Nasdaq Grants Windtree Therapeutics 180-day Extension to Regain Compliance
WARRINGTON, Pa., Dec. 05, 2022 (GLOBE NEWSWIRE) -- Windtree Therapeutics, Inc. (“Windtree” or the “Company”) (NasdaqCM: WINT), a biotechnology company focused on advancing multiple late-stage interventions for cardiovascular disorders, today announced that the NASDAQ Stock Market (“Nasdaq”) has granted Windtree an additional 180 days to regain compliance with Nasdaq’s $1.00 minimum bid price rule requirement under Nasdaq Listing Rule 5550(a)(2) (the “Bid Price Rule”), following the expiration of the initial 180 days period to regain compliance on November 30, 2022.
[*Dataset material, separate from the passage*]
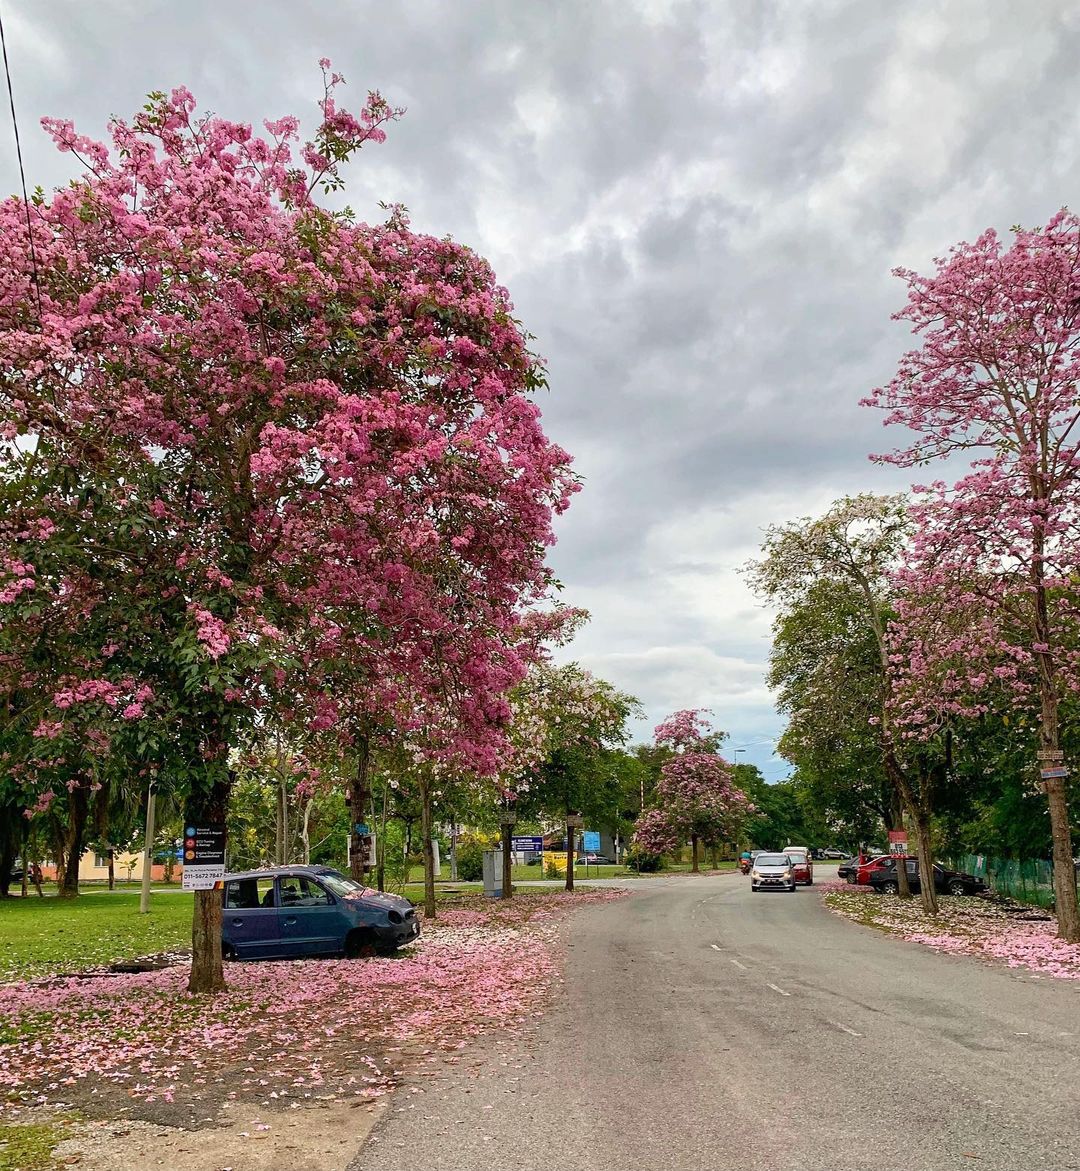 Tecome trees in full bloom in Malaysia - Cyberjaya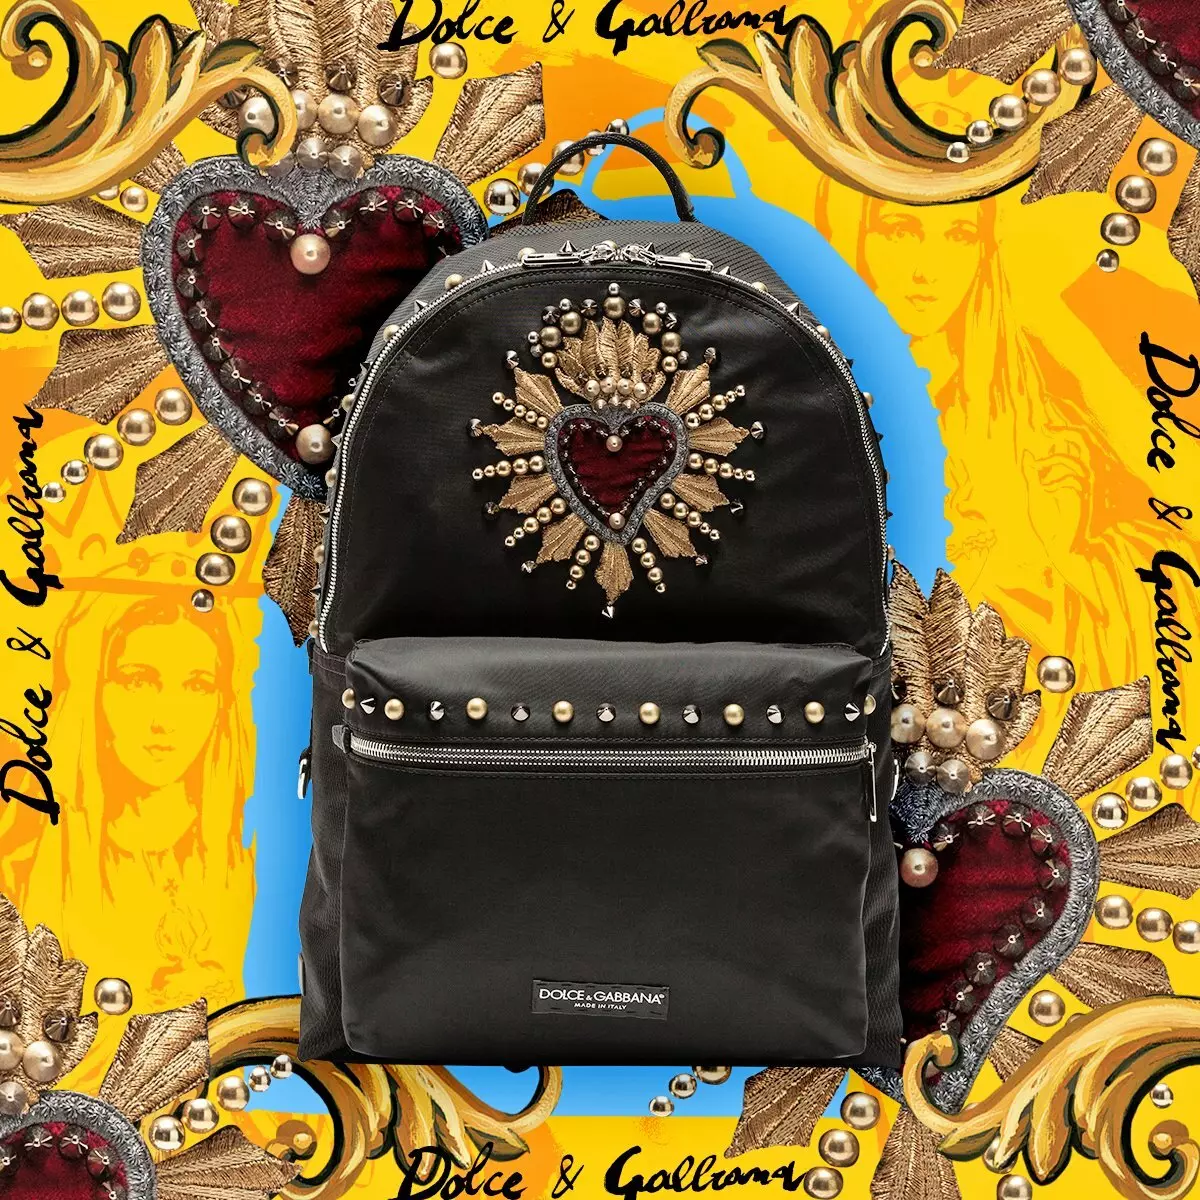 Dolce & Gabbana hátizsákok: Nő és férfi, fekete és piros, bőr hátizsákok táskák és egyéb modellek. Hogyan lehet megkülönböztetni az eredetit a másolatból? 2559_12

As a result of the extension, the Company now has until May 29, 2023 to regain compliance with the $1.00 minimum bid price rule requirement. If at any time before May 29, 2023, the bid price of the Company’s common shares closes at or above $1.00 per share for a minimum of 10 consecutive business days, Nasdaq will provide written notification to the Company that it has achieved compliance with the bid price requirement. If the Company chooses to implement a reverse stock split to regain compliance, it must complete the reverse split no later than 10 business days prior to the expiration of the additional 180 calendar day period in order to timely regain compliance.
If the Company does not regain compliance with the bid price requirement by May 29, 2023, Nasdaq will provide written notification to the Company that its shares will be subject to delisting. At such time, the Company may appeal the delisting determination to a Nasdaq Hearings Panel. There can be no assurance that, if the Company does appeal a subsequent delisting determination, such appeal would be successful. The Company would remain listed pending the Panel’s decision.
The current notification from Nasdaq has no immediate effect on the listing or trading of the Company’s shares, which will continue to trade on the Nasdaq Capital Market under the symbol “WINT”.
About Windtree Therapeutics, Inc.
Windtree Therapeutics, Inc. is advancing multiple late-stage interventions for cardiovascular disorders to treat patients in moments of crisis. Using new scientific and clinical approaches, Windtree is developing a multi-asset franchise anchored around compounds with an ability to activate SERCA2a, with lead candidate, istaroxime, being developed as a first-in-class treatment for acute heart failure and for early cardiogenic shock. Windtree’s heart failure platform includes follow-on oral pre-clinical SERCA2a activator assets as well. In pulmonary care, Windtree has focused on facilitating the transfer of the KL4 surfactant platform, to its licensee, Lee’s Pharmaceutical (HK) Ltd. Included in Windtree’s portfolio is rostafuroxin, a novel precision drug product targeting hypertensive patients with certain genetic profiles.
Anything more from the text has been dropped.